By putting your CFO in the driver’s seat for commercial real estate decisions, you’ll be putting the most knowledgeable and capable person in charge of mitigating three main business risks associated with real estate investment:

Building Risk

Building risk isn’t about the quality of the building, but the quality of the owner. An ‘A’ building is really a building that’s owned by an ‘A’ owner. A common misconception is that newer buildings are always better, but the truth is really that after even a few months, the best buildings are going to be the ones that are maintained beautifully. If the owner is not diligent in operations, you’re soon going to find that you have many more problems than you bargained for. There are great buildings all over the world that are very old, but are much better environments to grow a business in than new structures that are neglected – just compare Rockefeller Center or the Transamerica Pyramid to that new high rise in your neighborhood that always has an elevator being repaired.

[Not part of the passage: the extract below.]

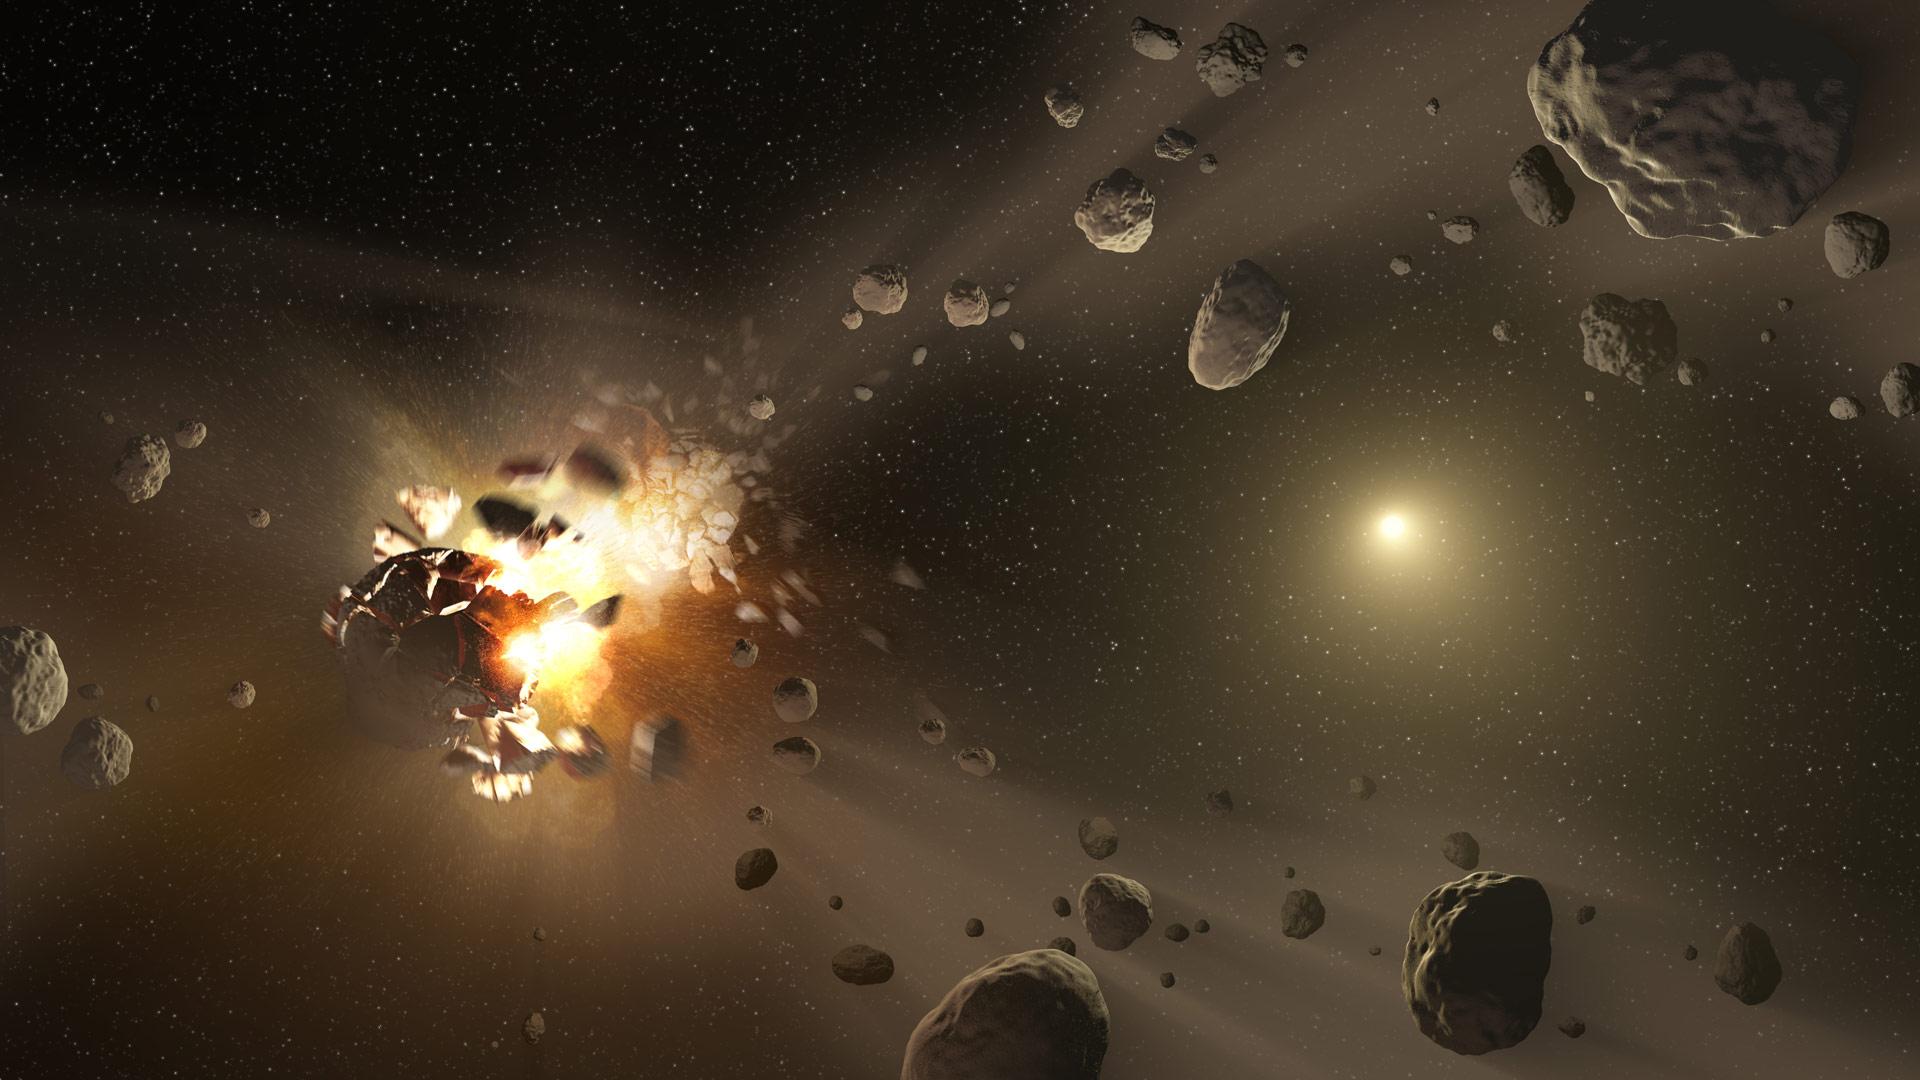 Asteroid Belt Between Mars And Jupit HD Wallpaper, Background Image
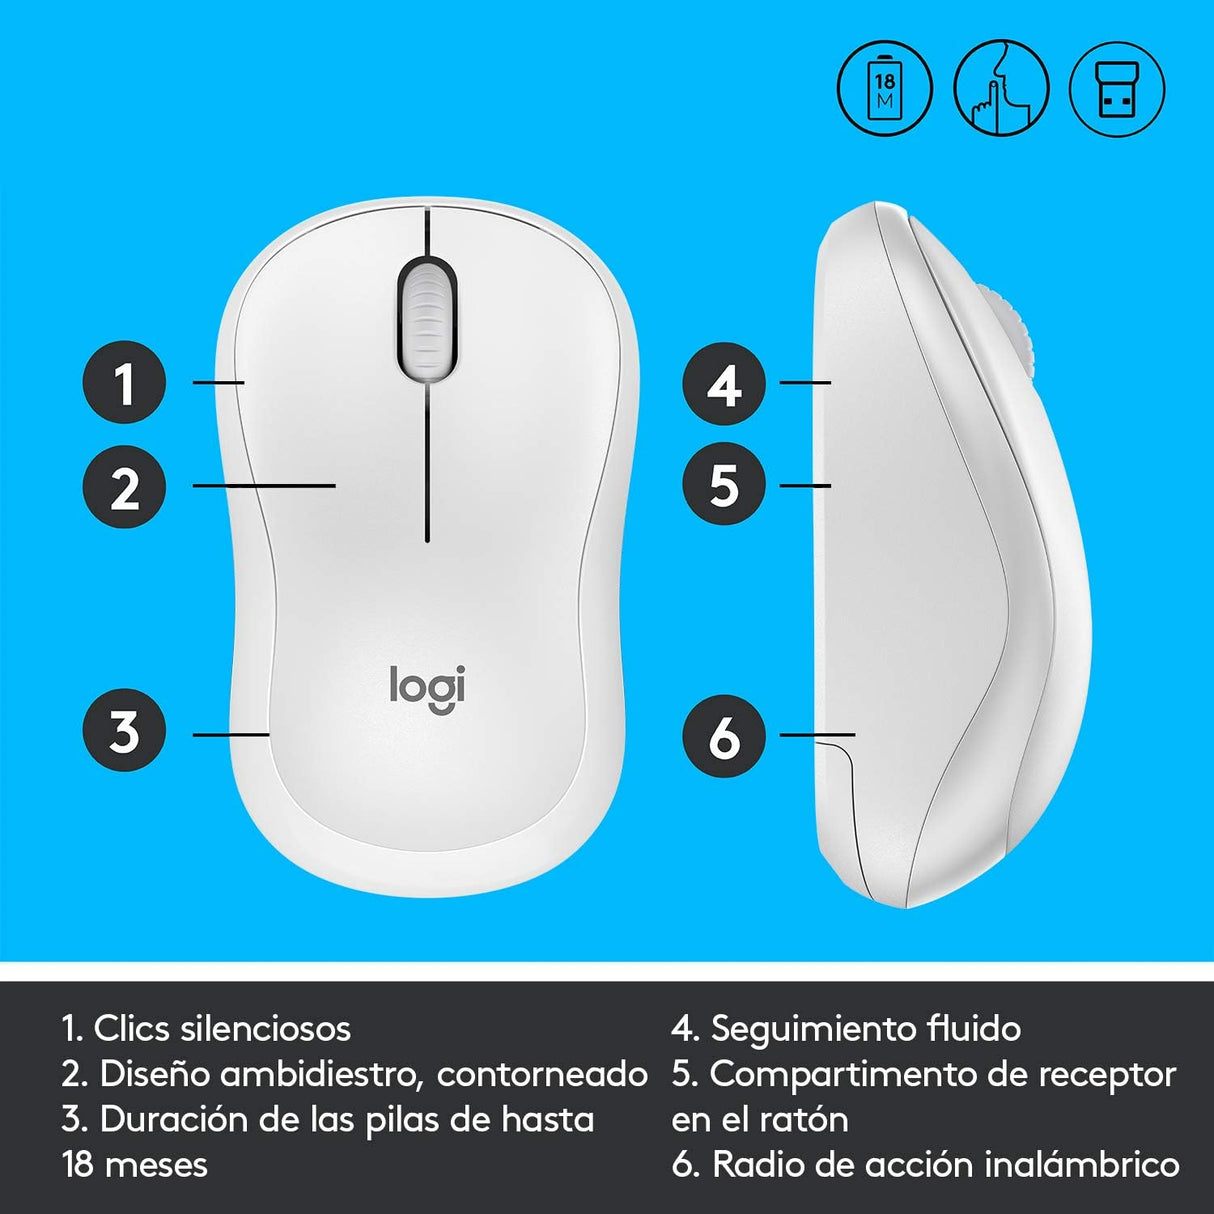 Mouse Wireless Logitech M220 Silencioso USB 1000 DPI Blanco - 910-006126 FullOffice.com

How does your CFO help here? Let’s be honest – whether you hire a third party advisor or a real estate director, that person is under pressure to find you real estate soon. The reality of a situation in which a person has a singular goal is that they’ll cut corners in order to achieve it. It’s much more likely that someone who is only concerned with hitting a handful of specific metrics will cut corners – such as researching owners’ histories, vetting brokers for honesty as well as speed, asking for references from current tenants, and “dropping by” to do unannounced evaluations of the space. Your CFO is committed to the more important goal of ensuring you business is prosperous and able to grow, which means they won’t lose sight of the bigger picture in favor of hitting short term KPIs.

Business Risk

Business risk is something that no one really has control over, but we try to forecast what the future holds. It’s the possibility of an industry shake up that you have little or no control over. For example, the rise of Uber has disrupted much more than just the transportation industry – it’s served as a proof point for the gig economy. That’s affected thousands of businesses in a number of ways, from changing timeline expectations to creating new possibilities for integration and interaction with gig economy workers and customers. As CFO, this means that you’re in a situation where you’re juggling several fluctuating budgets at once – from new hires to office space to new supply chains. In the context of commercial real estate, this means factoring in how flexible your new investment will be; how well can it accommodate changes?

Your CFO, while still not psychic, is deeply immersed in your industry, by way of financial shifts. If anyone has a beat on what trends are, it’s the person who is watching where customers and investors are putting their money. A real estate director won’t notice that your competitor’s stocks are rising uncharacteristically quickly, or that a startup that aims to disrupt your supply chain just got a big round of funding – but your CFO will.

Market Risk

Lastly, there’s market risk, which nobody can control. For example, the top floor of the Sears Tower in Chicago was the most expensive office space in Chicago on September 10th of 2001. On September 11th, they couldn’t give it away. Nobody could have forecasted than change; yet unknown risks must be factored in as you consider investing in commercial real estate or finding a new lease. Your CFO will need to evaluate exactly what your budget is, including whether or not your business can survive the value of the new space dropping in value dramatically. Is this a space where your brand can stay until the market recovers? Is the investment so great that its loss would cause a financial catastrophe?

Your CFO has a simple role to play in mitigating this risk, but it’s the most important: they know the most about exactly how much financial damage your company can take and survive.

 

Commercial real estate investments, whether that means making a purchase or signing a new lease, is a huge decision that will impact not only your company’s finances, but also your staff’s morale, your brand reputation and your hiring capabilities. By putting your CFO in charge of the decision, you ensure that the investment is really in your brand’s best interest – not just today, but for years to come.